ESC guidelines for management of arterial hypertension allow one to choose among five classes of antihypertensive drugs indiscriminately. They are based on the principle that in the management of hypertensive patients, it is fundamental to reduce blood pressure (BP), independently of the utilized drug. However, it has been demonstrated that the renin-angiotensin system (RAS) plays a relevant role in the hypertensive-derived development and progression of organ damage. Thus, antihypertensive drugs interfering with the RAS should be preferred in preventing and reducing target organ damage.

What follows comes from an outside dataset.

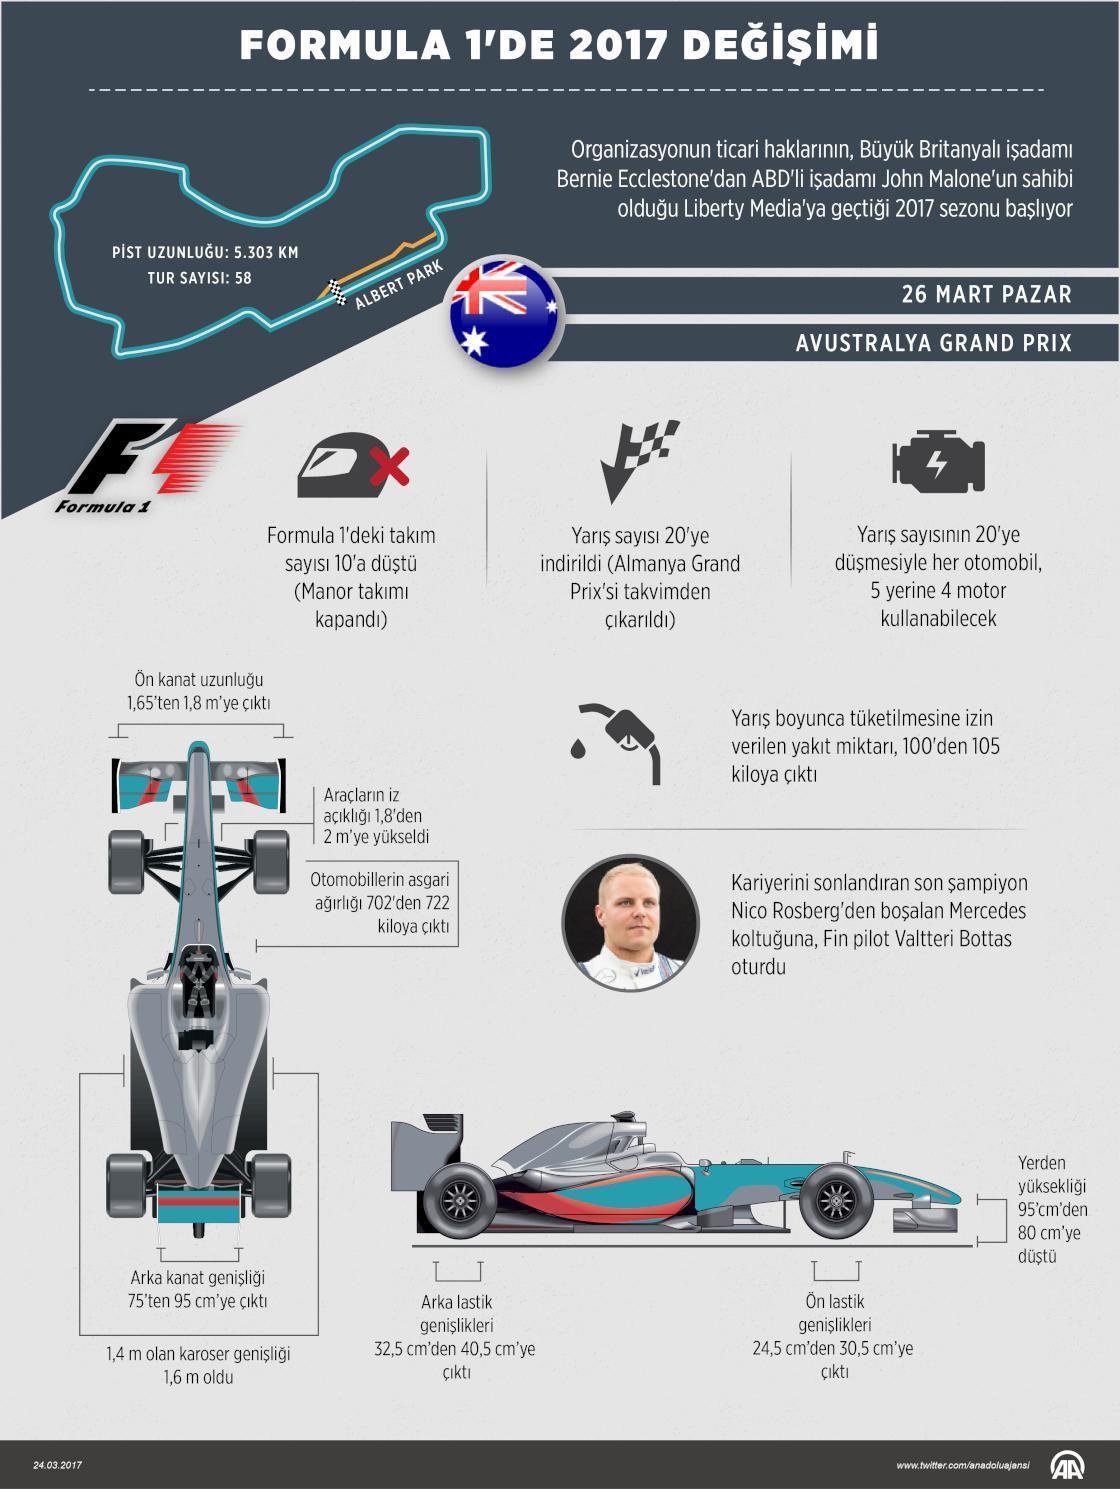 Formula 1de 2017 değişimi
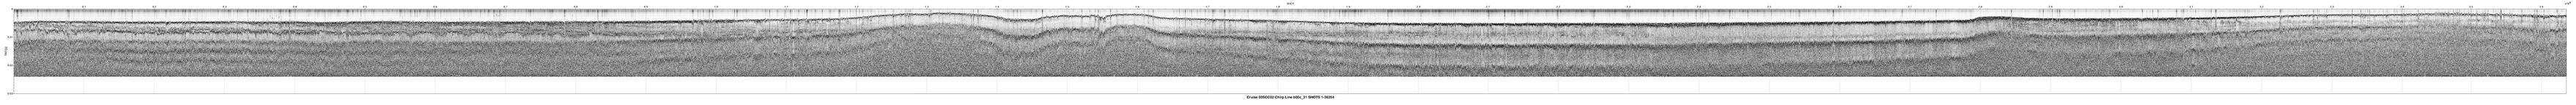 00SCC02 b00c_31 seismic profile image

The availability of two classes of drugs, ACE-inhibitors and angiotensin AT1 receptor blockers (ARBs), both interfering with the RAS, makes the choice between them difficult. Both pharmacological strategies offer an effective BP control, and a substantial improvement of prognosis in different associated pathologies. Regarding cardiovascular prevention, ACE-inhibitors have an extensive scientific literature regarding utility in high-risk patients. Nevertheless, there is evidence to support the concept that in the early phases of organ tissue damage, the RAS is activated, but the ACE pathway producing angiotensin II is not always employed. Accordingly, ACE-inhibitors appear to be less effective, whereas ARBs have a greater beneficial action in the initial stages of atherosclerotic disease. Moreover, patients undergoing ARBs therapy show a substantially lower risk of therapy discontinuation when compared to those treated with ACE-inhibitors, because of a better tolerability. In conclusion, ACE-inhibitors should be used in patients who have already developed organ damage, but tolerate this drug well, while ARBs should be the first choice in naïve hypertensive patients without organ damage or at the initial stages of disease.

摘要

欧洲心脏病学会(ESC)动脉高血压管理指南允许人们在五类抗高血压药物中不加区分地进行选择。这些指南基于这样一个原则:在高血压患者的管理中,降低血压是根本,而与所使用的药物无关。然而,已经证明肾素 - 血管紧张素系统(RAS)在高血压引发的器官损害的发生和发展中起相关作用。因此,在预防和减少靶器官损害方面,应优先选择干扰RAS的抗高血压药物。两类药物,即血管紧张素转换酶抑制剂(ACE抑制剂)和血管紧张素AT1受体阻滞剂(ARB),都干扰RAS,这使得在它们之间做出选择变得困难。这两种药理学策略都能有效控制血压,并在不同的相关病症中显著改善预后。关于心血管预防,ACE抑制剂在高危患者中的应用有大量科学文献。然而,有证据支持这样的观点:在器官组织损伤的早期阶段,RAS被激活,但产生血管紧张素II的ACE途径并不总是被采用。因此,ACE抑制剂似乎效果较差,而ARB在动脉粥样硬化疾病的初始阶段具有更大的有益作用。此外,与接受ACE抑制剂治疗的患者相比,接受ARB治疗的患者停药风险显著更低,因为其耐受性更好。总之,ACE抑制剂应用于已经发生器官损害但对该药物耐受性良好的患者,而ARB应该是无器官损害的初发高血压患者或疾病初始阶段患者的首选。